Whether it’s Pakistan’s obsession with beginning its history from the moment Bin Qasim set foot on the shores of Sindh, establishing Muslim rule over the supposed racially-inferior Hindu population, or the Indian state’s love-affair with claiming ancient Hindu ownership of the land now known as Hindustan, and lamenting the later take over by Muslim barbarians, narratives of cultural heritage dictate modern-day politics. Even in the United States, government buildings built in the likeness of ancient Greek architecture establish an inaccurate continuity from the Greek to modern Western civilisation. Looking towards the imagined past shapes the confused present, with heritage becoming a tool of great political power.

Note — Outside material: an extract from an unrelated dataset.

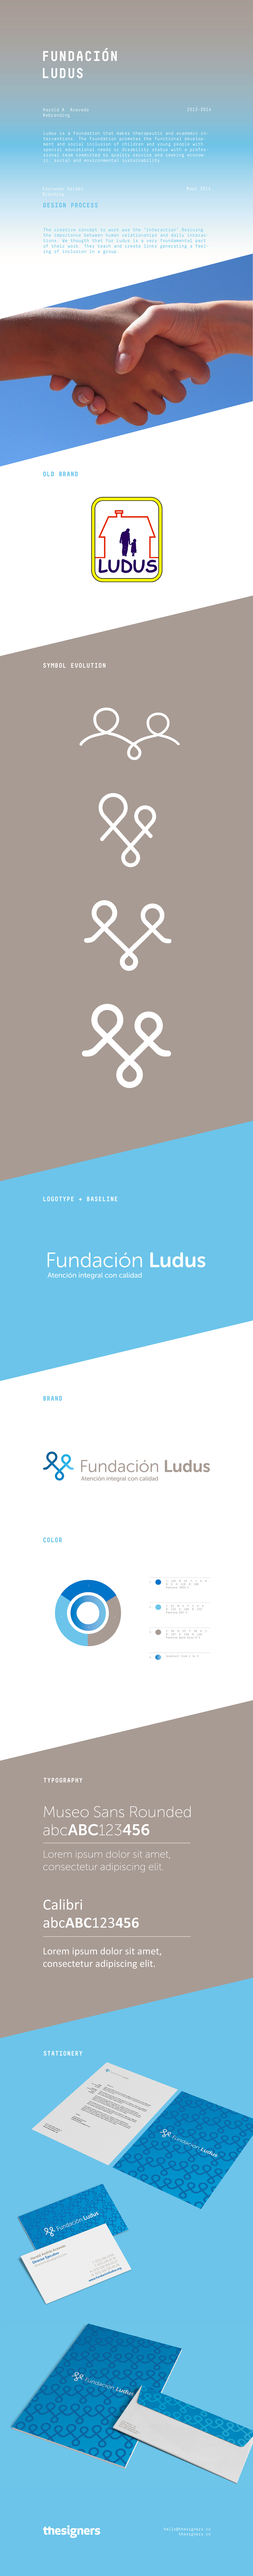 Fundación Ludus foundation children people Education Young Relationships interaction
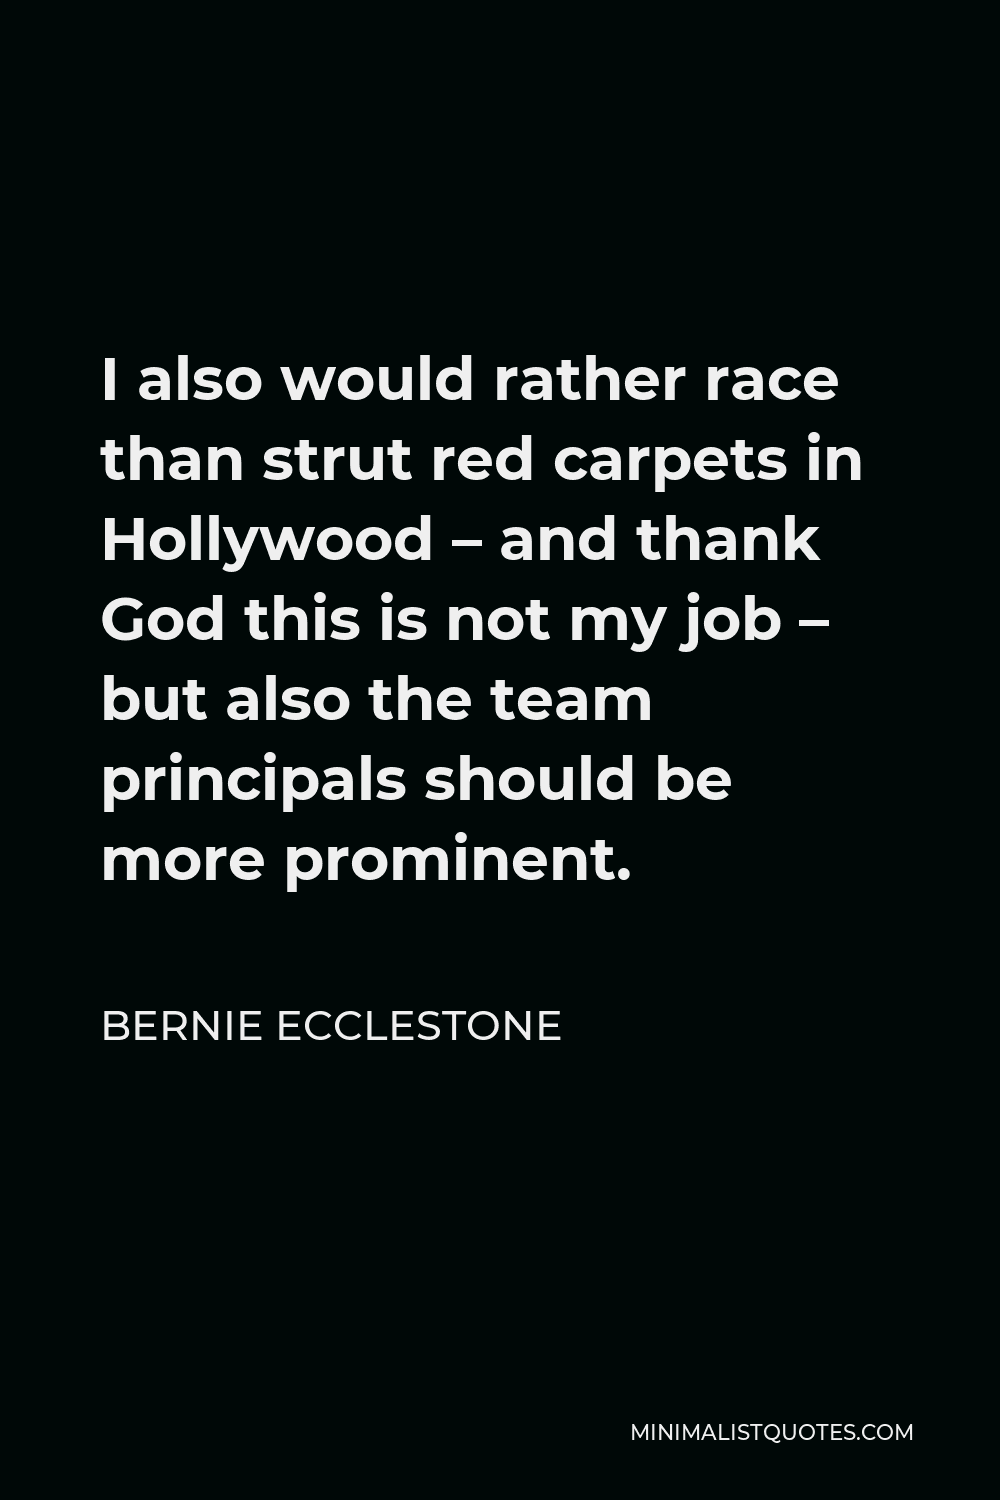 Bernie Ecclestone Quote - I also would rather race than strut red carpets in Hollywood – and thank God this is not my job – but also the team principals should be more prominent.

When engaging in discussions and debates over national heritage, it is of paramount importance to ask, who decides what parts of a culture can and cannot be claimed as inheritance by its people? It is here that one begins to realise that dominant narratives of cultural heritage aim to benefit those in power, with ethnoreligious minorities often left at the mercy of the influential majority. The rhetoric of a singular national culture thus works to further subjugate minority groups, more often than not violently so.

Identity politics

National histories are fabricated and destroyed often, and with changing narratives of the past come varying definitions of the cultural heritage of a country’s people. However, while official narratives transform depending on political climates, it remains that culture is not immutable and is instead ever-changing, constantly in flux like a river gathering sediment from wherever it runs. And like a river that eventually merges with another, the boundaries are just as muddled and hazy.

Regardless, a global society so heavily focused on identity does not take kindly to that which is difficult to classify. In the modern world, where a sense of alienation permeates across populations of increasingly distant people in an unprecedentedly connected world, the illusion of a fixed identity serves as an anchor. For a people starved of belonging, increasingly confused and untethered, regardless of which side of the border one chooses to look at, the questions of identity and ownership are sensitive ones, bound to trigger some level of emotional outrage in the theatre of social media.

Crying ‘cultural appropriation

With ‘cultural property,’ the intangible becomes commodified, and ownership of commodities must be claimed. In her tirade against Bhansali’s Heeramandi venture, Shah deemed the director’s project an ‘appropriation’ of Pakistani culture. The level playing field between India and Pakistan would suggest otherwise. How does one steal something from another that was shared between the two to begin with? This is not to say that issues of appropriation do not exist, but that they do so in conjunction with a pre-existing power imbalance. When choosing to share narratives that may not immediately be one’s own, it is best to ask who’s story is being told to whom, and to what end. However, one cannot threaten to aim nuclear warheads at one another and claim victimhood in the same breath.

Creativity in Pakistan is stagnating, yet talk of the ‘revival of Pakistani cinema’ is thrown around with careless abandon, despite the fact that in searching for the much-needed spark on the silver screen, TV appears to have slowly lost its lustre as well. Each week brings with it announcements of more of the same, each time with some level of increased fanfare. Ping-ponging between the latest army offering and narratives of domestic disputes, a rich shared tradition stands ignored over petty disputes of ownership.

While the country suffers from the silencing of stories that cannot be told, due to reasons ranging from religious extremism to disapprovals of a more political nature, the repeated refusal to embrace diverse and colourful narratives due to a misplaced sense of patriotic duty during a time of such severe creative lack is nothing short of a tragedy. Perhaps if the film and TV industries opened themselves up to telling stories of shared human experience, not just those that feed into the narrative of cultural differences and, more often than not, superiority, salvation, even the coveted “revival” may end up just within reach.